Kerrisdale has made a living out of short selling stocks, and its Dish positon is no different. The fund raised eyebrows earlier this month when it tweeted that it planned to short Dish stock, a move that caused Dish shares to lose about 13% of their value over several days.
This time the market seemed prepared. Although Dish dipped as low as $46.68 per share in early trading Wednesday (down 1.8%), it has since gained ground, priced at $47.60 each (up 0.13%) by early afternoon.
In its report, Kerrisdale said that Dish’s spectrum, which the market values at about $18.5 billion, is worth $5.65 billion in its base case scenario and just $118 million in the worst-case. Kerrisdale’s argument is that spectrum is not as scarce as Wall Street believes and carriers have other ways to expand capacity, namely by building more cell sites.
With a spectrum value that low, and a rapidly declining satellite TV business, Kerrisdale estimates that Dish stock is worth about $20 per share (vs. the $48 per share target of most analysts) in the best case, and just $8 in the worst-case.
In the report, Kerrisdale acknowledges that such dramatically lower price targets could be difficult to take. But it said that Dish has been trading on borrowed time for too long.

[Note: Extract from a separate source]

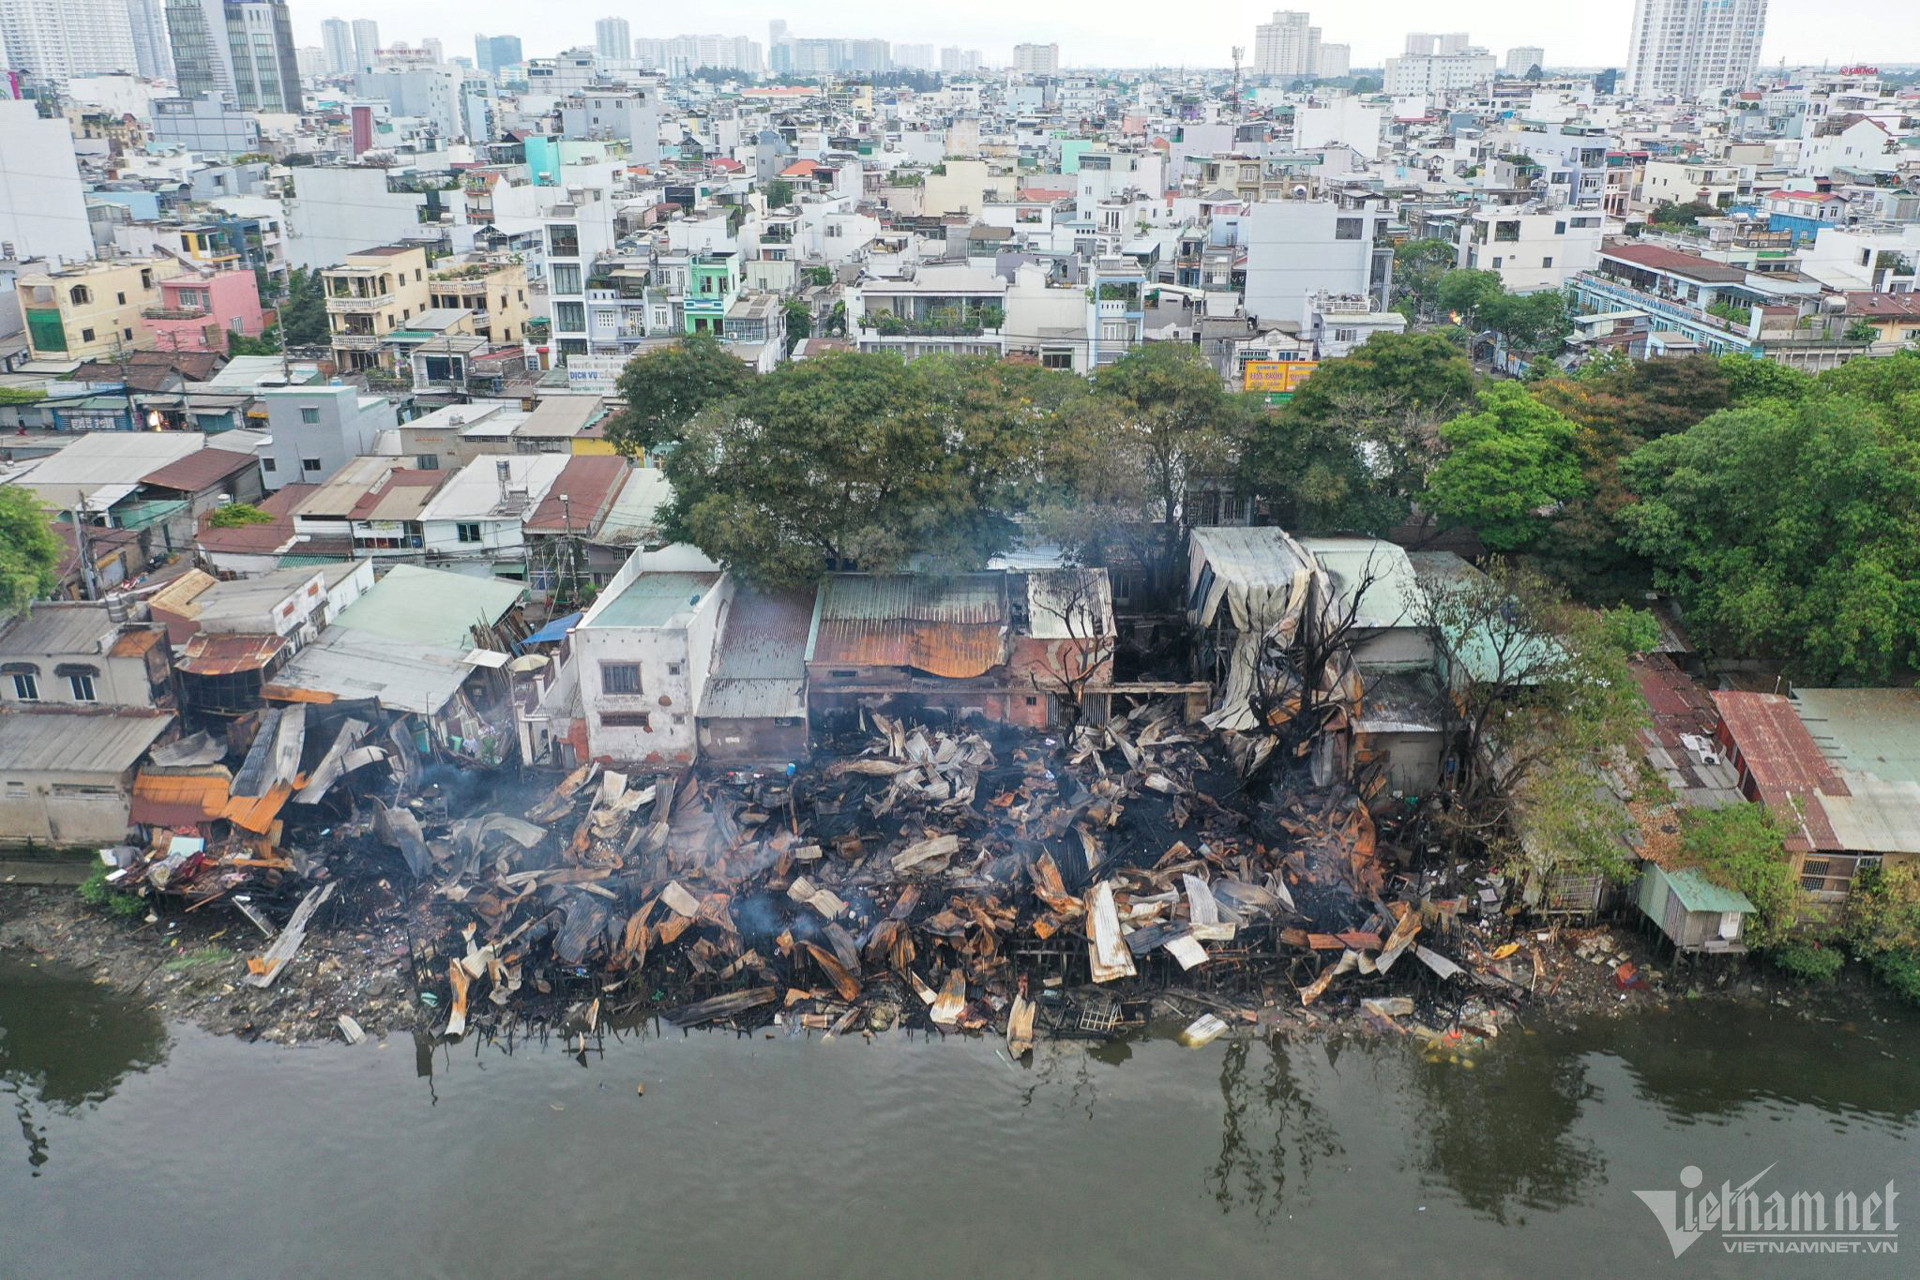  Hiện trường vụ cháy nhìn từ trên cao - Ảnh: VietNamNet

“Dish’s swagger alone has convinced many that, no matter how much it seems like there’s no real plan, everything will somehow work out anyway,” Kerrisdale said in the report. “But, considered dispassionately, Dish’s current strategic direction was always a dangerous longshot: levering up a slowly decaying business to double and triple down on an illiquid, highly specialized, highly regulated, limited-life, non-cash-flowing asset with only two to three plausible buyers. Dish has outlived many skeptics over the years, but, in investing as in gambling, there’s such a thing as pressing your luck.”
Dish hasn’t changed its position either, issuing an identical statement to the one it released when the Kerrisdale report was a mere rumor. Although the company is in a quiet period around its planned participation in the upcoming broadcast incentive spectrum auction, the company said it would continue running its business as always.
"We understand Kerrisdale is shopping a negative report on Dish and may be shorting our stock in an attempt to make a short-term gain while we are in an FCC-mandated quiet period,” Dish said in the statement. “We will continue to manage the business for the long-term benefit of our shareholders as we have done over the last 35 years.”